• [Records shown]
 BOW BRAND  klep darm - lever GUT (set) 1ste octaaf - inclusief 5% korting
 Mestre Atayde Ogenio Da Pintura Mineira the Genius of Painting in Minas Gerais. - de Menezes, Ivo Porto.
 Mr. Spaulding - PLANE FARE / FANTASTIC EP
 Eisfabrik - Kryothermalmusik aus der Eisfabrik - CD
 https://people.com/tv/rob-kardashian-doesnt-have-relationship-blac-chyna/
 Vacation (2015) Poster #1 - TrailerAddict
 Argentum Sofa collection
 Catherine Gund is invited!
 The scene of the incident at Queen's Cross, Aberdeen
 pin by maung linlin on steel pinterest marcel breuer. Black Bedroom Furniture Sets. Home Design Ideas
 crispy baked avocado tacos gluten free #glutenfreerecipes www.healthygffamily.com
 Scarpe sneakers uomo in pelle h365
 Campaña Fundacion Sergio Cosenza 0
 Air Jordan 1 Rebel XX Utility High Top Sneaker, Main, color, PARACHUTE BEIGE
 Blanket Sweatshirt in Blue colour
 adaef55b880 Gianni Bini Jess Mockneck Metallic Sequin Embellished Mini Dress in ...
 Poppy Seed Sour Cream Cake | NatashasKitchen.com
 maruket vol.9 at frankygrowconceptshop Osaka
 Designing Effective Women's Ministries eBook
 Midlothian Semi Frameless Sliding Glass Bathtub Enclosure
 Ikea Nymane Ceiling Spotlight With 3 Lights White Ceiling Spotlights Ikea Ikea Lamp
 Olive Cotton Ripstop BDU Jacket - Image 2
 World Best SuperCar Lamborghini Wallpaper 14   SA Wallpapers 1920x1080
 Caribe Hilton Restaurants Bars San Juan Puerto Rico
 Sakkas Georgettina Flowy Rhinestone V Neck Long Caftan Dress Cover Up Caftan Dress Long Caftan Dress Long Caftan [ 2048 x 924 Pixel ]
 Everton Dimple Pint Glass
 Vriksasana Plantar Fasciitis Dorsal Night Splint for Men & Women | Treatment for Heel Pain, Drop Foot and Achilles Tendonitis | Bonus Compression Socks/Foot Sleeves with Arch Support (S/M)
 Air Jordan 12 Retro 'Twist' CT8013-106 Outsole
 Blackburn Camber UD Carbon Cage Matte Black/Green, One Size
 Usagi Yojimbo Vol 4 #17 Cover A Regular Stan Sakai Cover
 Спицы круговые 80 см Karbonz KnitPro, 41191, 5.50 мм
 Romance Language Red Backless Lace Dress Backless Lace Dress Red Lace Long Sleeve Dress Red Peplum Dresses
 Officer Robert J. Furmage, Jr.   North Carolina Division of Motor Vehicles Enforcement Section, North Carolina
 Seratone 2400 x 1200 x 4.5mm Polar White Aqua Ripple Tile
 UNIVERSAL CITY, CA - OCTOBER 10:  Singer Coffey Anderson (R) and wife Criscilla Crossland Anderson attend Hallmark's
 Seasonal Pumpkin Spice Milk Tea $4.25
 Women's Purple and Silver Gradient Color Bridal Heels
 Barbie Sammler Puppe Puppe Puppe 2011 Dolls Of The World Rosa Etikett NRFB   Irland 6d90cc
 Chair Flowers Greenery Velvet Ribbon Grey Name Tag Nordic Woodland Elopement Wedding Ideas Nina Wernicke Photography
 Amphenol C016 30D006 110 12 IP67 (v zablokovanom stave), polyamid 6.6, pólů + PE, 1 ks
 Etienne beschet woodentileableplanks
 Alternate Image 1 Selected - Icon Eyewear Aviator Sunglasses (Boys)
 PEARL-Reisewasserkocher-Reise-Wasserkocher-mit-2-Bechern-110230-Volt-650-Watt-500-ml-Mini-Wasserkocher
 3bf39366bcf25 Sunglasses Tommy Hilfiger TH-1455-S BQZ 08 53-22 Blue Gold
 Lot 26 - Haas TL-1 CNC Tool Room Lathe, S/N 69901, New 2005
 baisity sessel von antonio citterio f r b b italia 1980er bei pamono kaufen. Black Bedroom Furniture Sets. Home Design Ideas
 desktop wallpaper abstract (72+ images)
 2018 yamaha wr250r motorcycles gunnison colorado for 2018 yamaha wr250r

• [Task brief] Where the string "White" occurs in a line of the material above, copy the whole line.

• [Task output]
 Ikea Nymane Ceiling Spotlight With 3 Lights White Ceiling Spotlights Ikea Ikea Lamp
 Seratone 2400 x 1200 x 4.5mm Polar White Aqua Ripple Tile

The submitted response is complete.